*TASK BRIEF*
Once the pictures are removed, reproduce what is left of the data below exactly.

DATASET EXCERPT Block Start

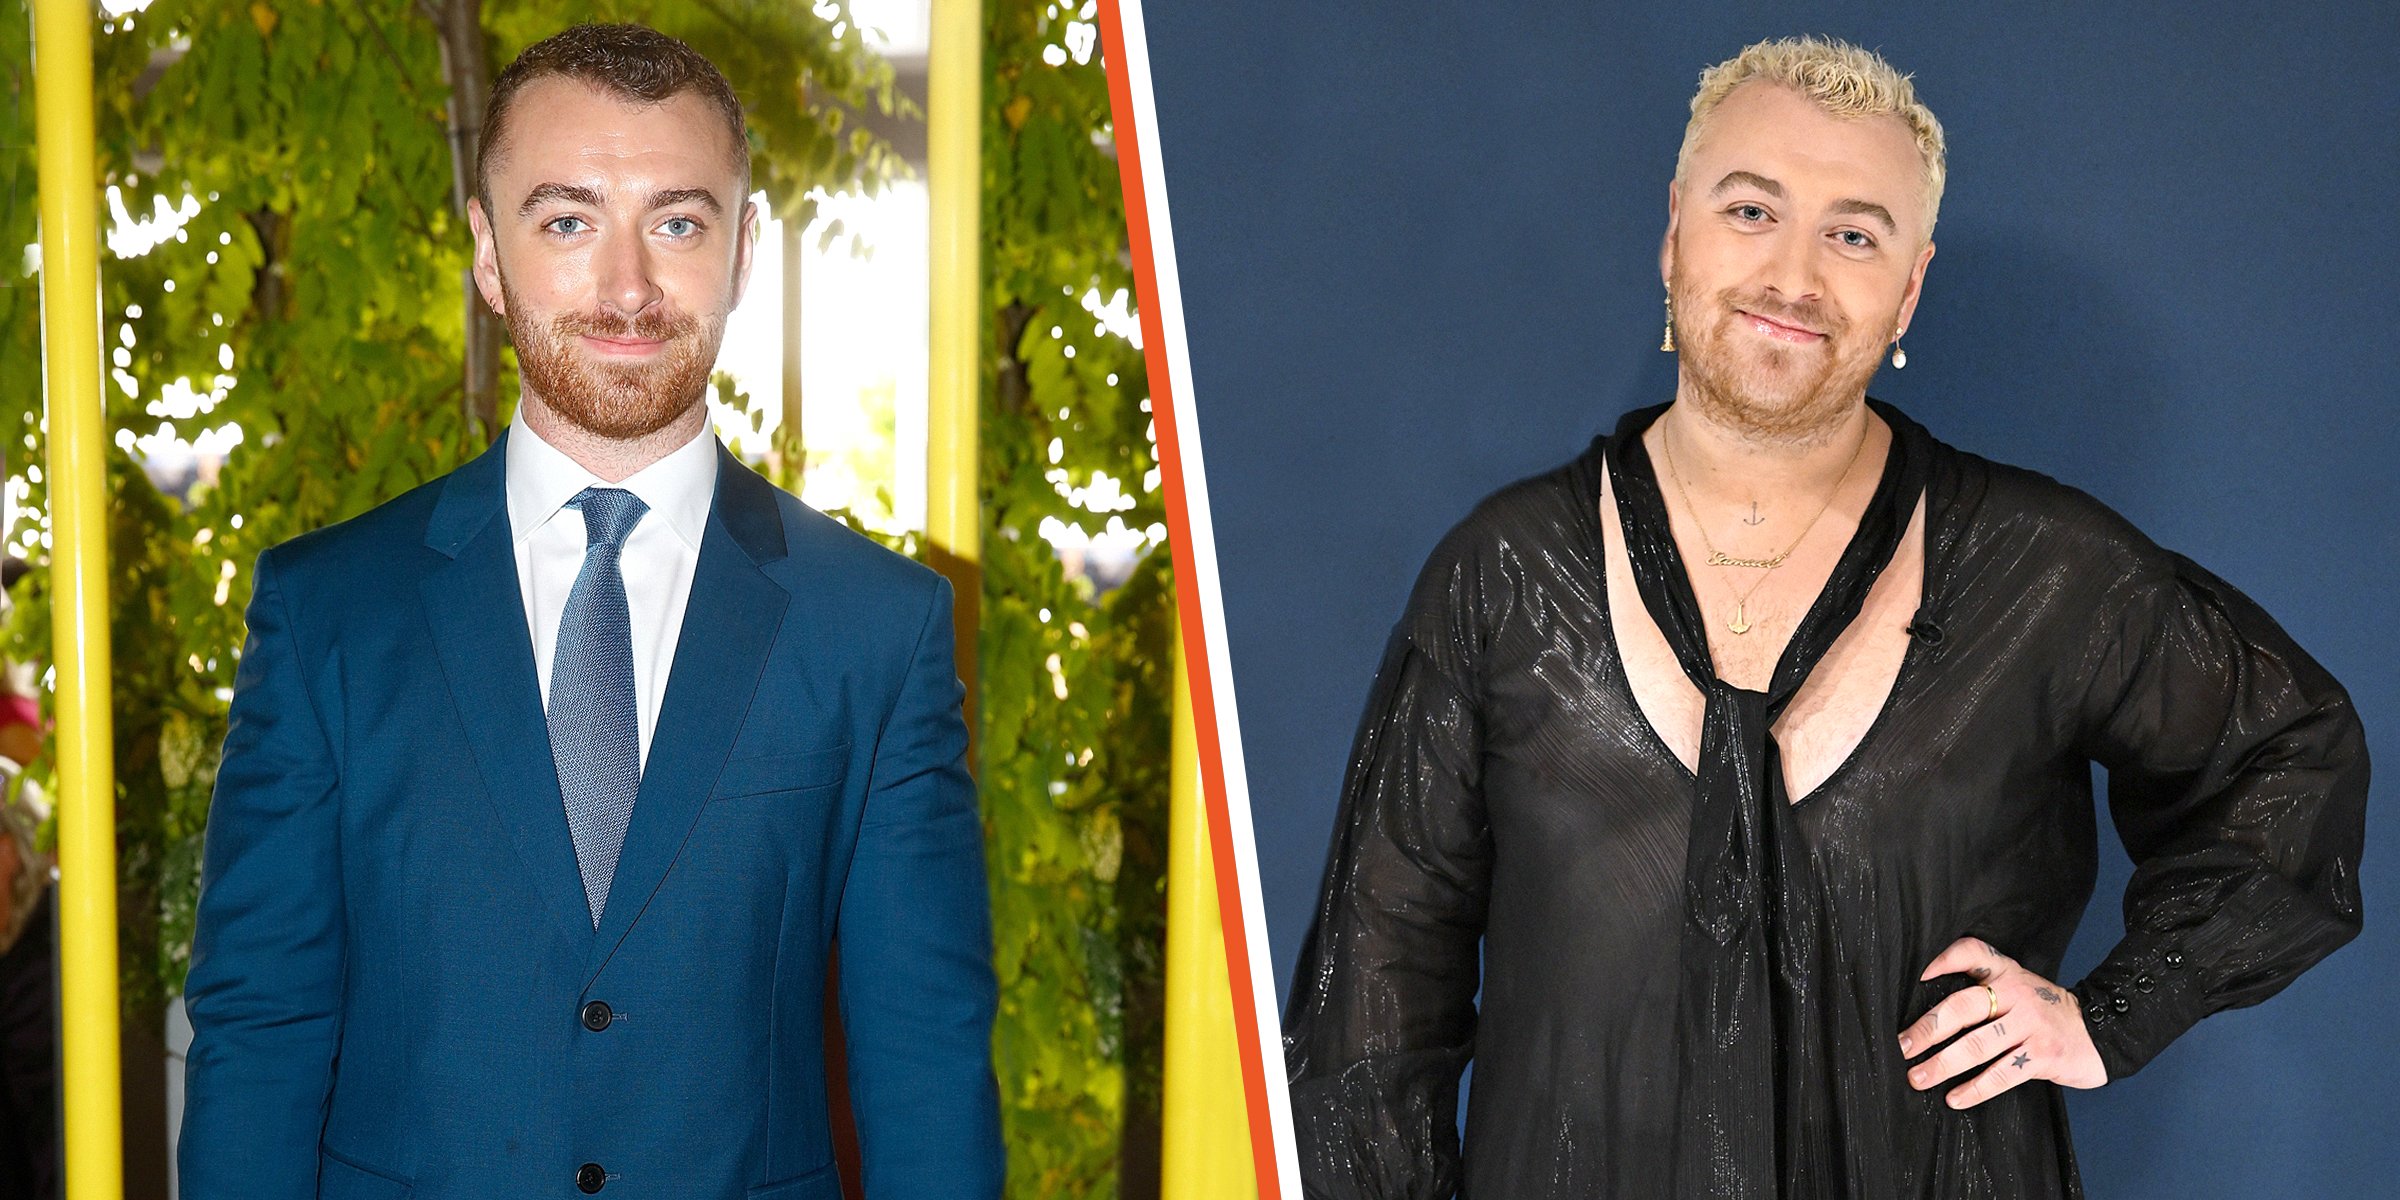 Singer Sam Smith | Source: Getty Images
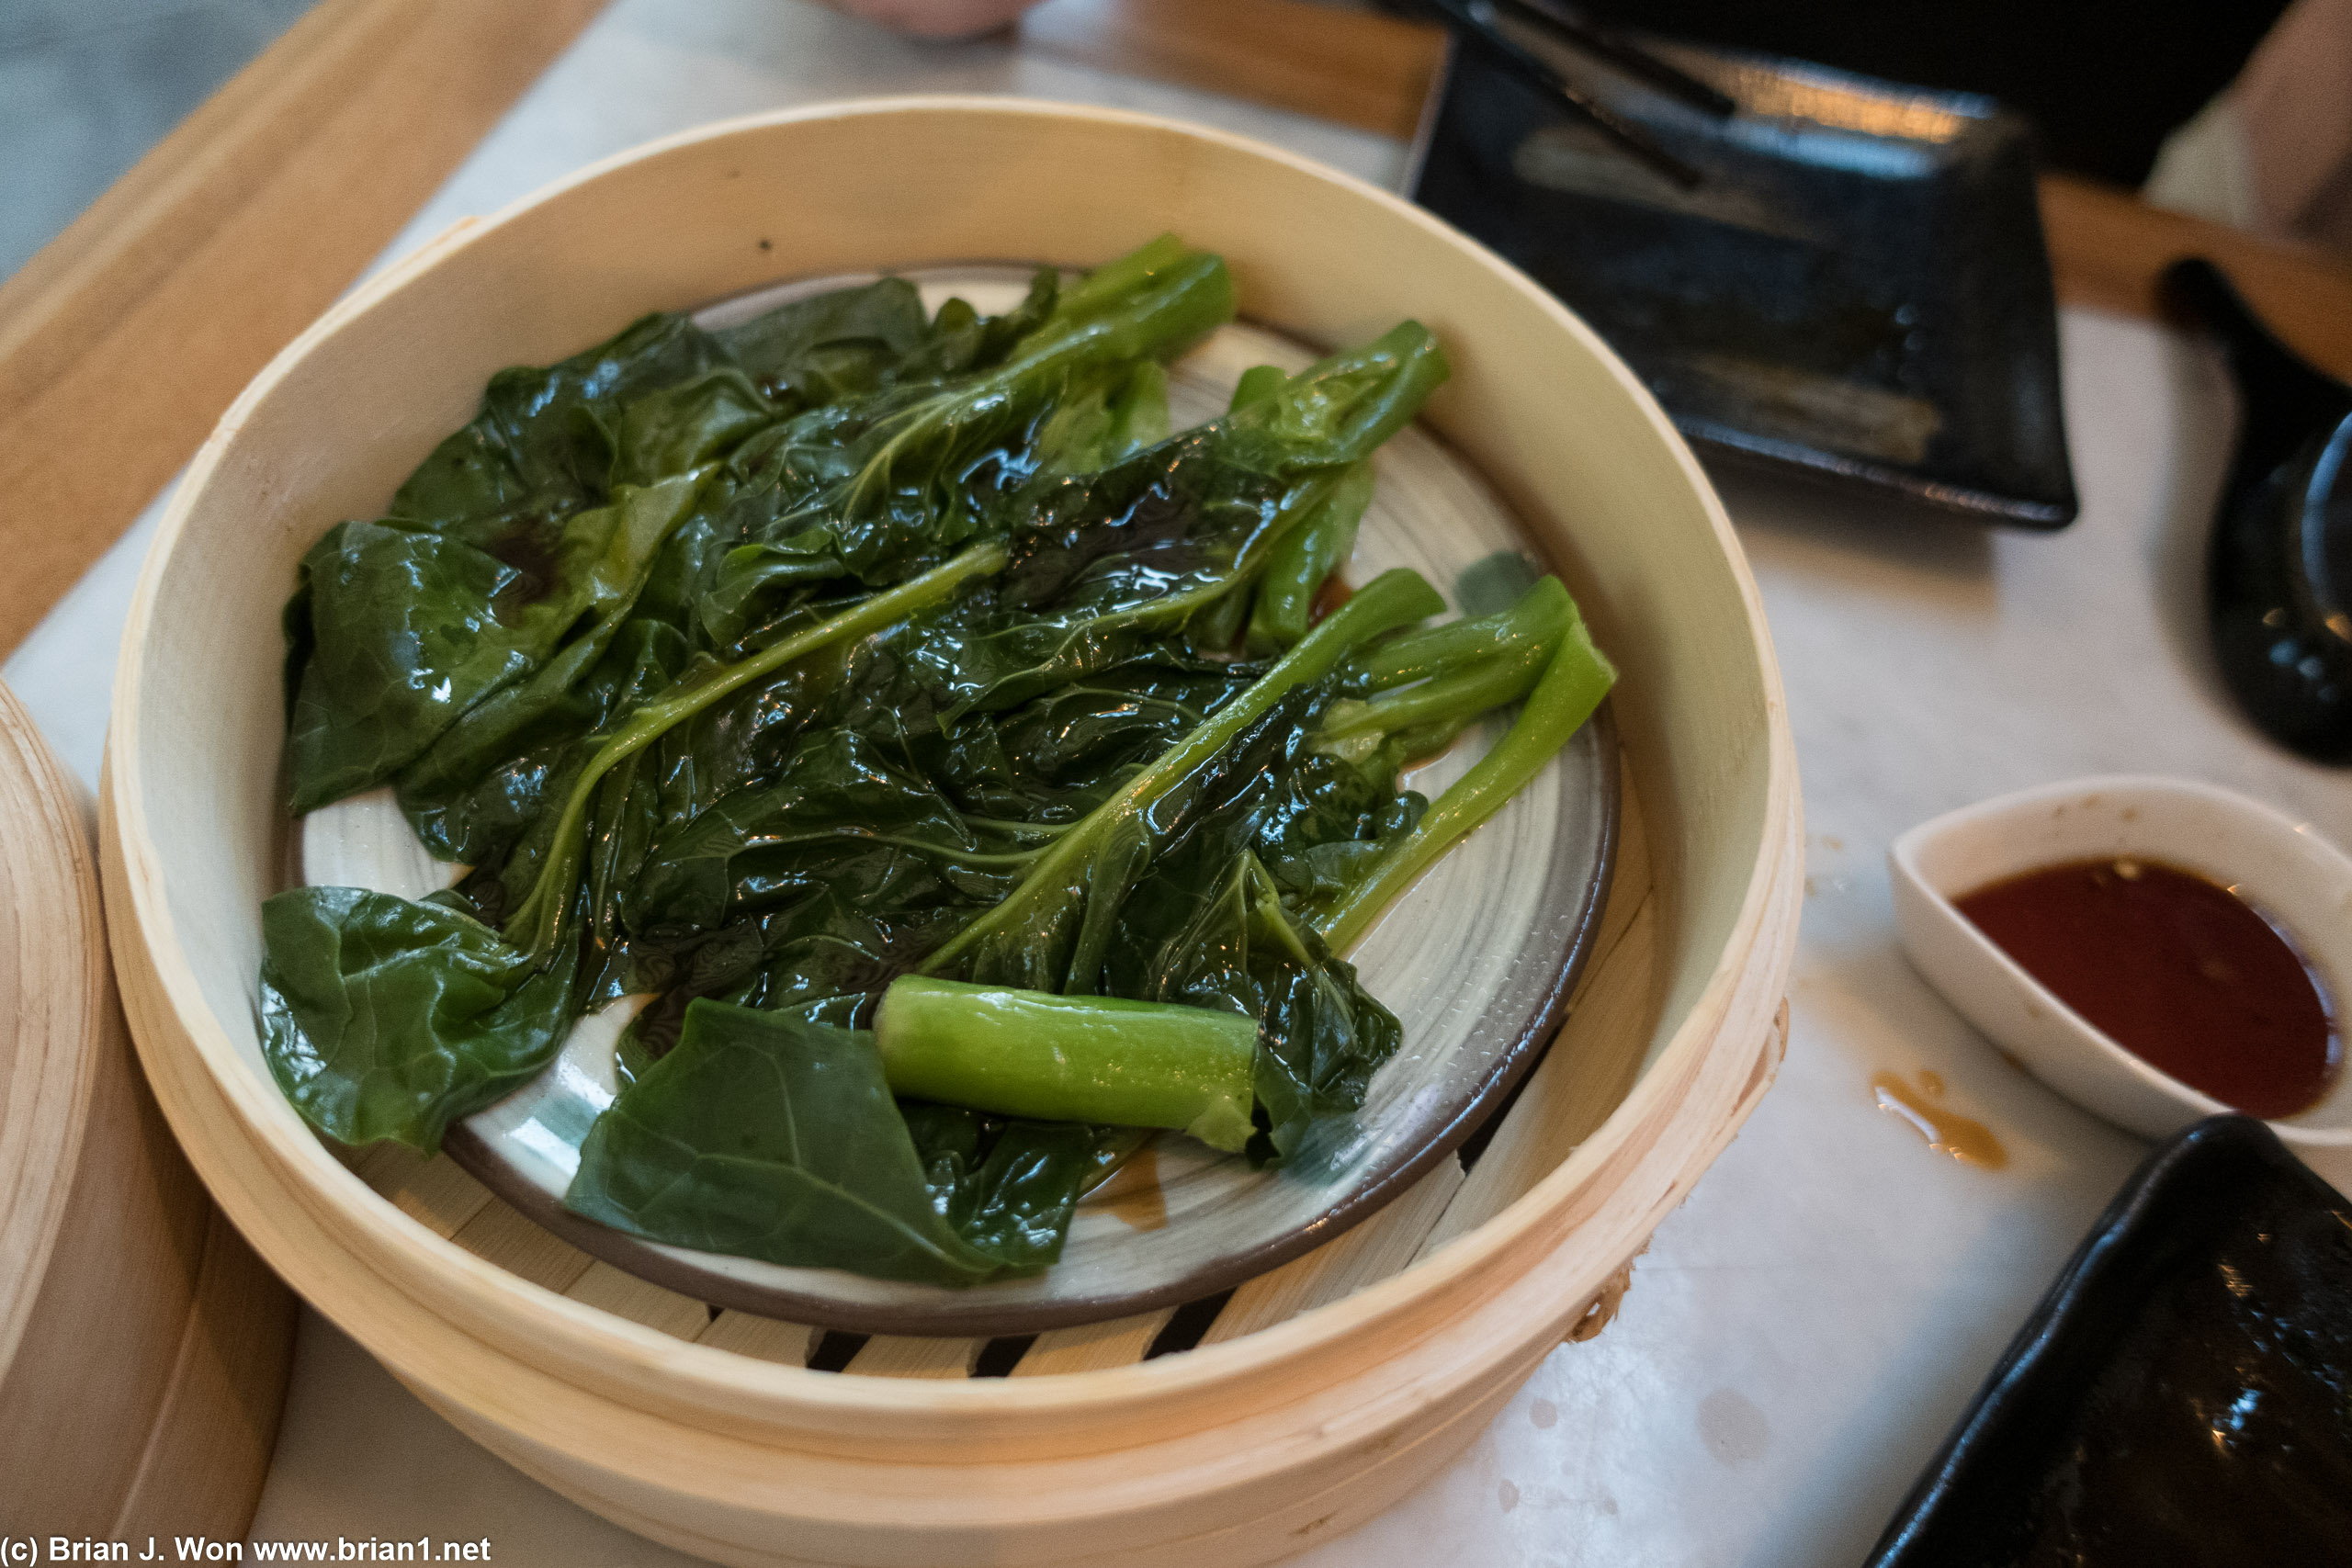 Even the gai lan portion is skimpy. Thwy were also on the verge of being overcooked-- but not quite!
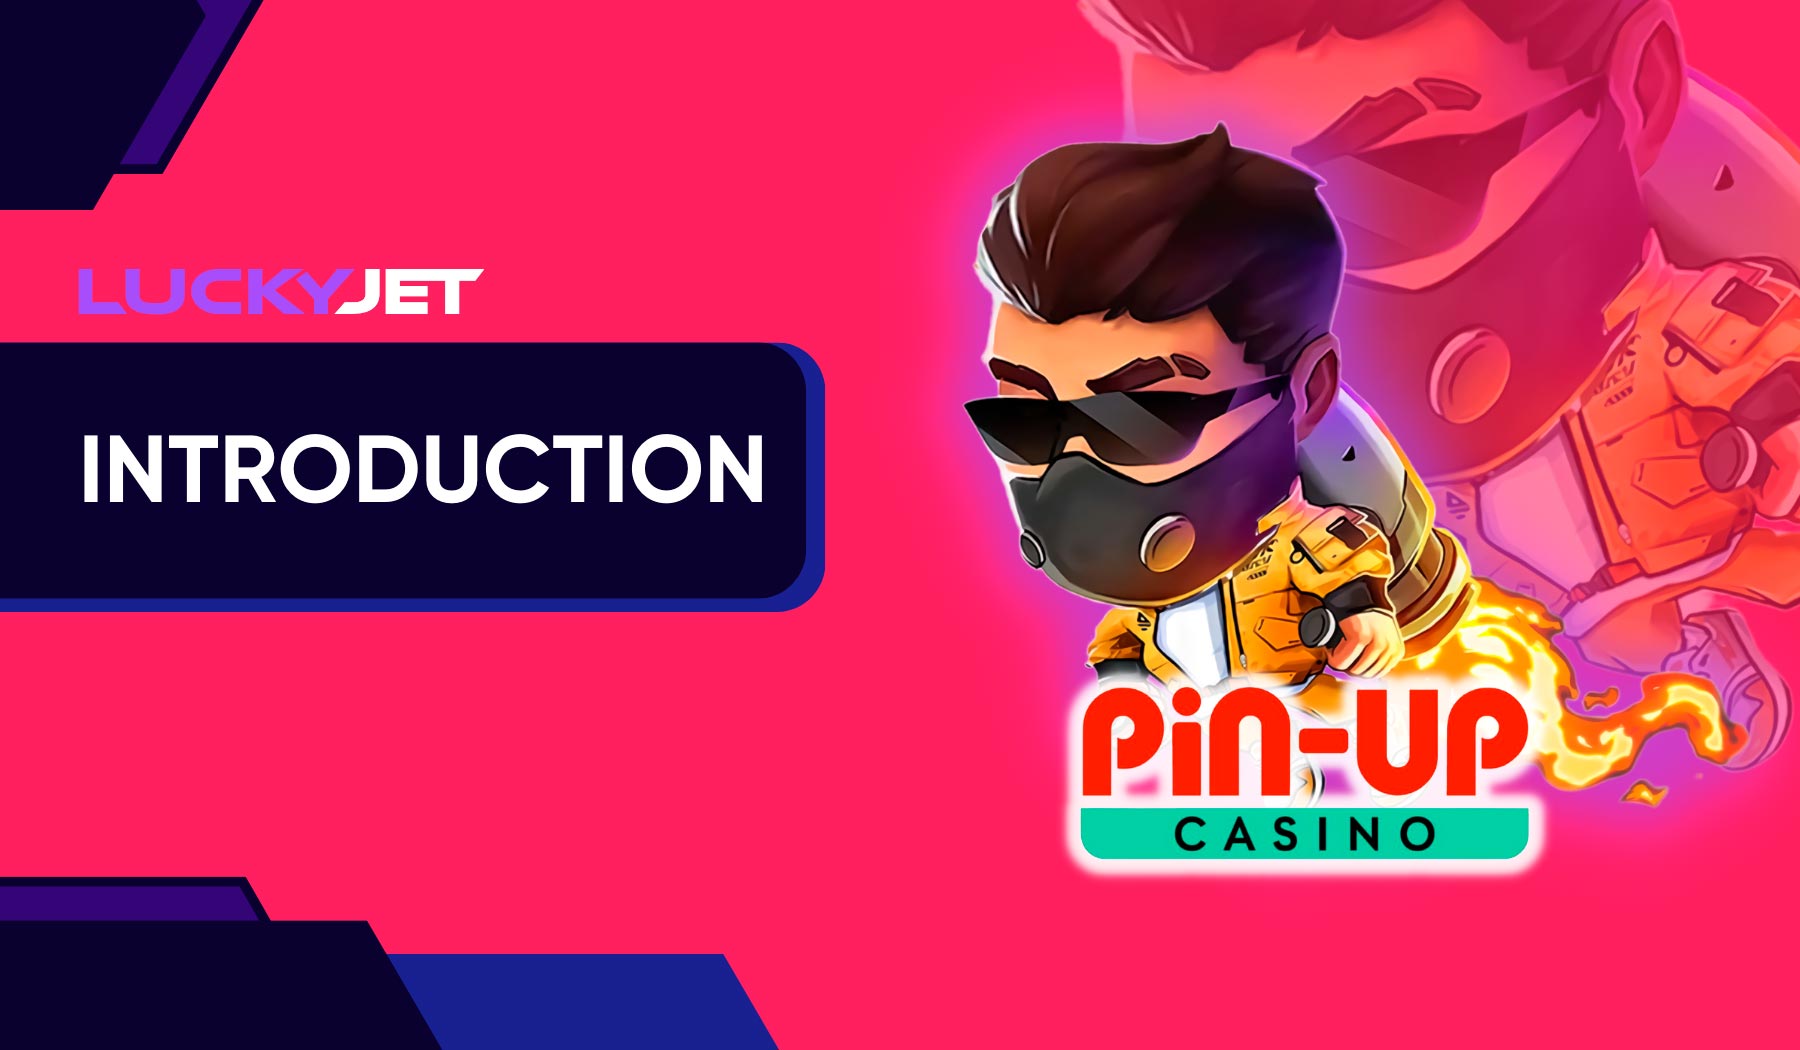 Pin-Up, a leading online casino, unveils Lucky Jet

DATASET EXCERPT Block End

*SOLUTION TO THIS EXERCISE*
 Singer Sam Smith | Source: Getty Images
 Even the gai lan portion is skimpy. Thwy were also on the verge of being overcooked-- but not quite!
 Pin-Up, a leading online casino, unveils Lucky Jet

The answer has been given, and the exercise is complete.